The English were oblivious to the human misery which they caused. Making it even worse, Parliament inflicted an additional form of oppression on the colonists in 1763: the Proclamation Line. This boundary forbid the residents of the thirteen colonies from settling west of a line drawn on the map.

The Americans were forbidden from pioneering into the largely unsettled and uninhabited lands west of the existing colonial civilization, as historians Allan Millett and Peter Maslowski write:

The imperial program sparked colonial resistance. In the West, Americans refused to conform to the Proclamation Line or obey the trade regulations. But on the seaboard resistance was more ominous as colonists defiantly challenged Parliament’s authority to impose taxes, especially the Stamp Act. An intercolonial Stamp Act Congress met in New York and issued protests. People adopted nonimportation agreements, uniting most Americans in an attempt to put economic pressure on England to repeal the act. Most importantly, colonists responded with violence. Groups calling themselves “Sons of Liberty” enforced the nonimportation agreements, forced stamp agents to resign, and mobilized mobs to ransack the homes of unpopular Crown officials. The Connecticut and New York Sons of Liberty even signed a treaty pledging aid if British troops tried to enforce the Stamp Act. In the face of this opposition, Parliament repealed the act but passed a Declaratory Act proclaiming Parliament’s right “to bind” the colonies “in all cases whatsoever.”

The colonial response to Britain’s economic aggression galvanized resistance and united the colonies.
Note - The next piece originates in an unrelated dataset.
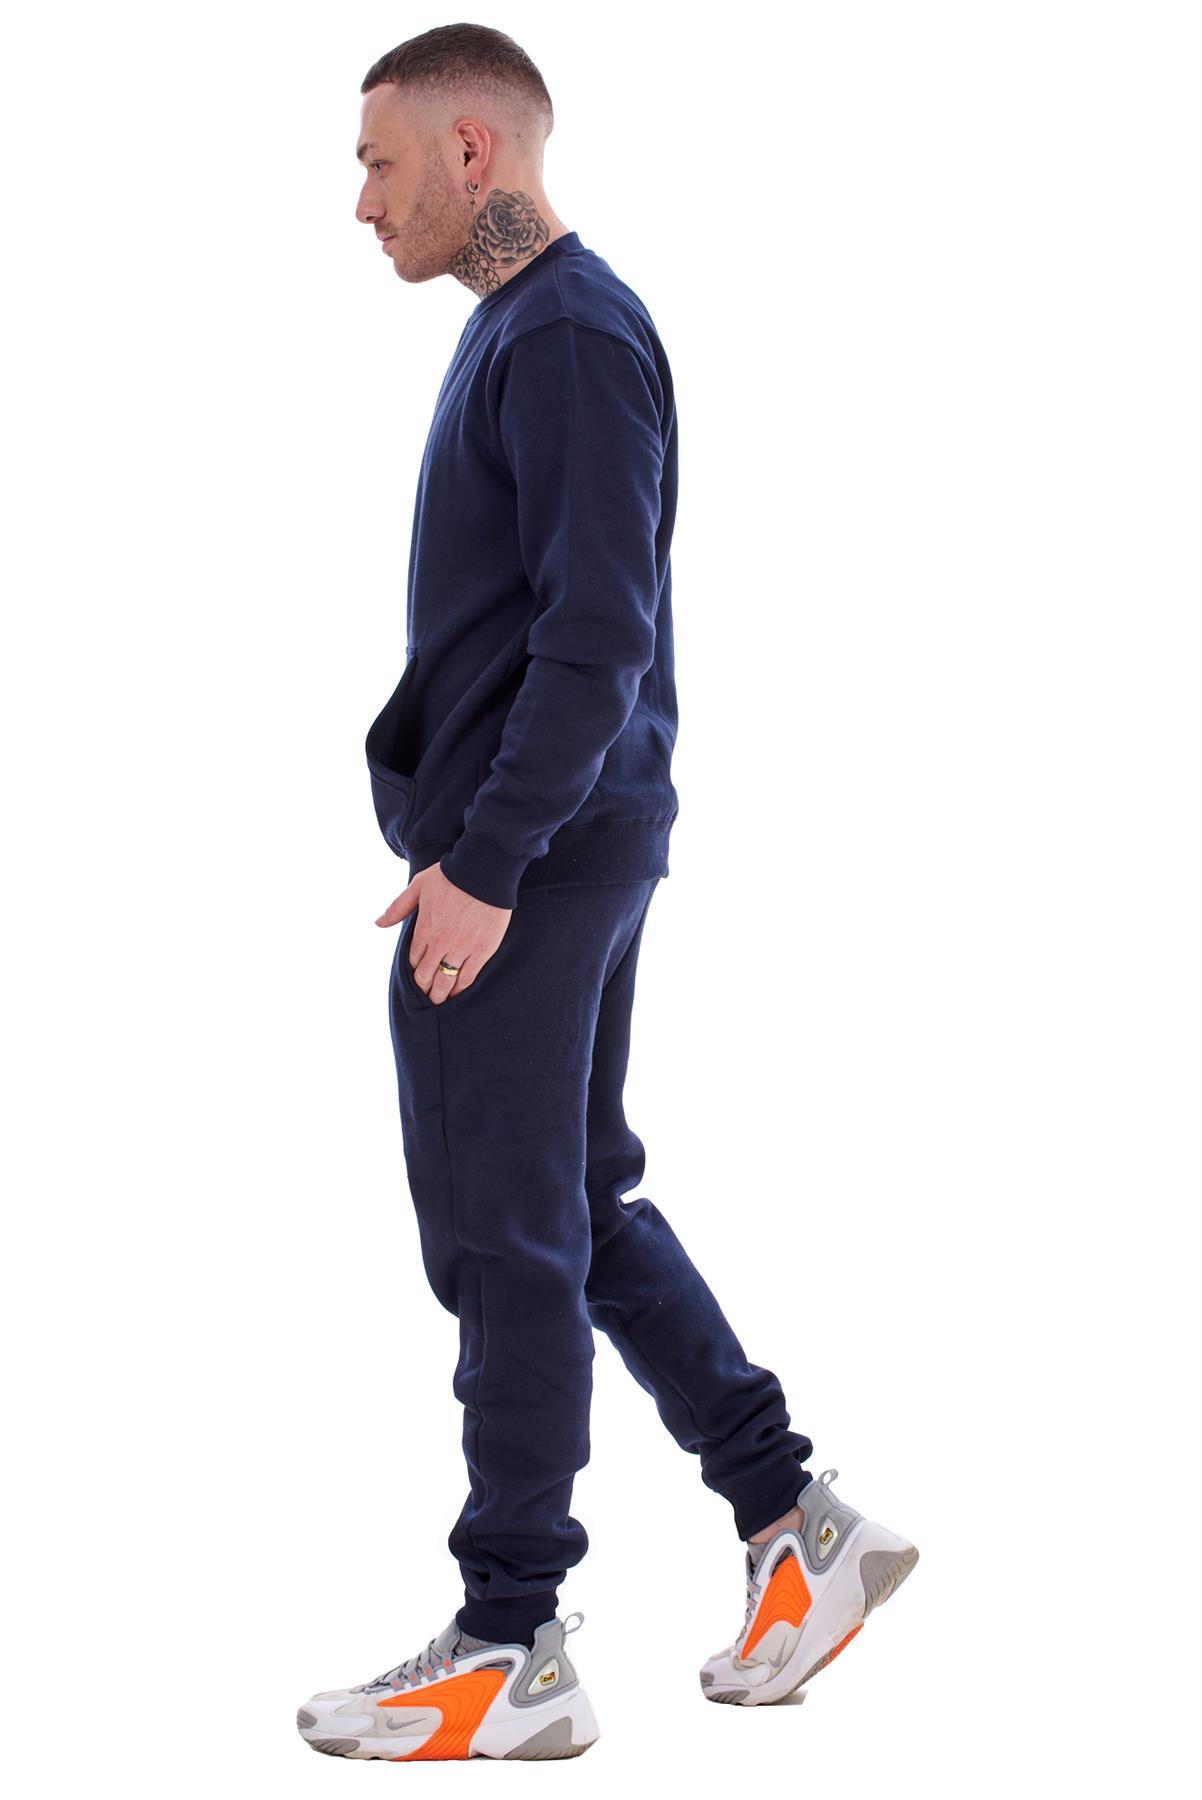 Mens-Plain-Tracksuit-Branded-Fleece-Pullover-Sweatshirts-Cotton-Jogging-Bottoms thumbnail 13

Organizations within colonies, and among colonies, created a network which would grow stronger and eventually coordinate the revolution: an organization which would more and more clearly the demands for relief from taxation, the demands for elected representation, the demands for freedom of speech and of the press and of religion, and the demands for political liberty and eventually complete political independence.

The organizations which arose in opposition to the English taxes were organizations which were a part of creating a new identity: the identity of being, not English subjects living in America, but rather the identity of being Americans.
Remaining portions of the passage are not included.